We expect an artist’s intent appears in the form of their work. But as Kim uses multiple media, and a pluralistic use of medium, such a discovery remains aloof. Kim’s pursuit of diverse form is natural but albeit far from his ultimate purpose, as he knows new form in conceptually geared contemporary art has little effect. In other words, as newness connotes banality in contemporary art, new form has no effect any longer. Kim is surely aware of this aspect. His work’s unpredictable quality causes our embarrassment. In this sense, we may approach his work by reviewing its inner side composedly.

Kim’s work condenses everyday and uncommon representations and symbolizes them between two and three dimensionality symbols that form a sentence, a phrase, a chapter. This way Kim combines subjective representations from his daily life, like his daughter’s teddy bear, with mythical symbols, like the Statue of Liberty, Eiffel Tower, musical instruments, and animals, in a heterogeneous manner. In Unfamiliar Drift he presented three-dimensional work which excluded symbolic monumentality and massiveness.
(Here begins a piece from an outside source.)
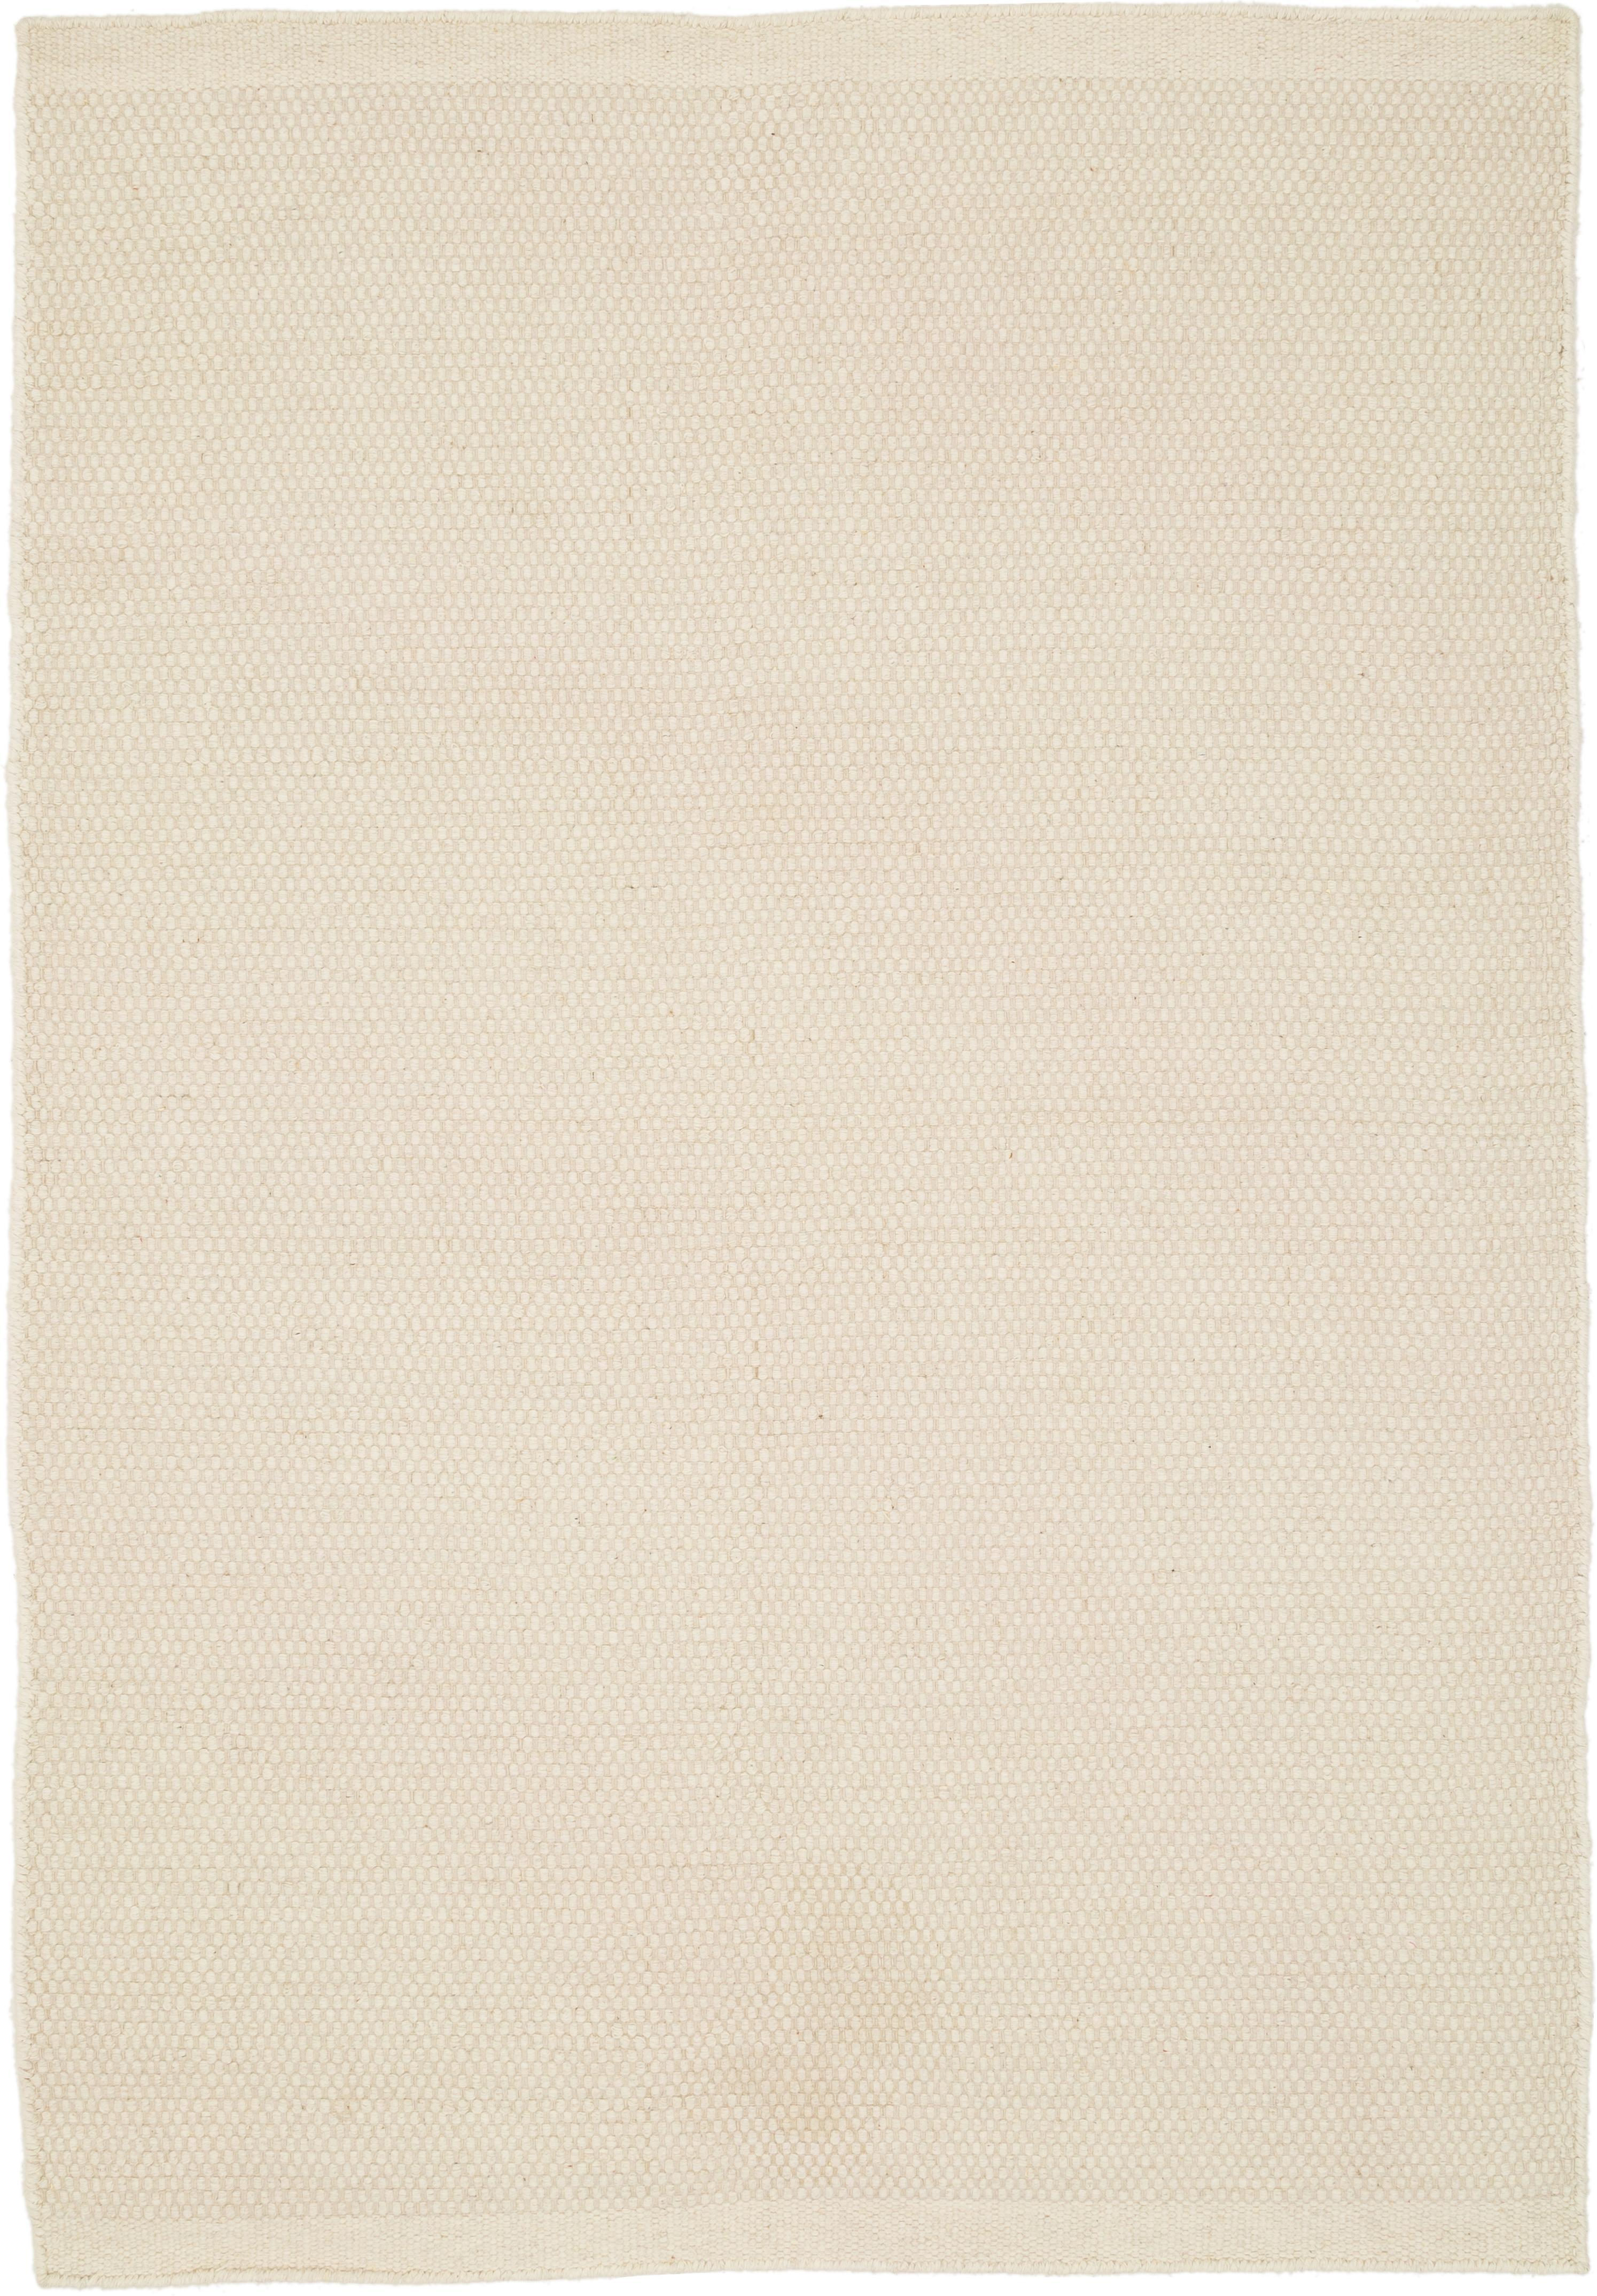 Handgewebter Kelimteppich Delight aus Wolle in Cremeweiss, Vorderseite: 90% Wolle, 10% Baumwolle, Rückseite: Baumwolle, Wollweiss, B 250 x L 350 cm (Grösse XL)

It was planar, overlapping, hung on a wall, or placed on the floor. In so doing, Kim typified his unique style, found also in Collections and Myths, by challenging conventional narrative structures, and the meaning of everyday things, by allowing objects to speak alone, in their own context.

What we note here is the intersection of things in completely different contexts does not provide any general, common narrative based on concrete relations between a specific social structure and people. Each text in Kim’s work is just placed, overlapping, and has no particular correlation, conveying no specific meaning. The artist above all seems to present a situation and attitude, rather than a narrative and form that suggests a concrete sympathy with us. The artist shows his will to be away from forming a typical relation, while staying in an inward world.

Reminiscent of Samuel Beckettian’s absurd drama, Kim’s work presents a recurring situation itself, instead of any typical form and direction through the overlap of one with another. He rids of complex meaning, or namely, presents only the signifier without the signified, undermining the universal way of thinking. This strategy aims at the thought of a structure itself, rather than thought within a structure.

Two-dimensional relief works and rather sculptural pieces such as torso and bag on display at the show entice viewers with their unique modeling quality. These works, however, ingeniously discourage their desires to consume only a sweet form. We have to be consistent to approach his work, which is the first appeal of his work. If we pursue this line, we are able to travel through the woods of his thoughts that are obscure but enable us to enjoy freedom. This is the second appeal of Kim’s work. The question Kim and we share is what we secure through this journey. It is a delightful task we have to pursue in collaboration with each other. Even if we give up this pursuit in the middle, we may have leisurely pleasure while chatting about his art at a teahouse.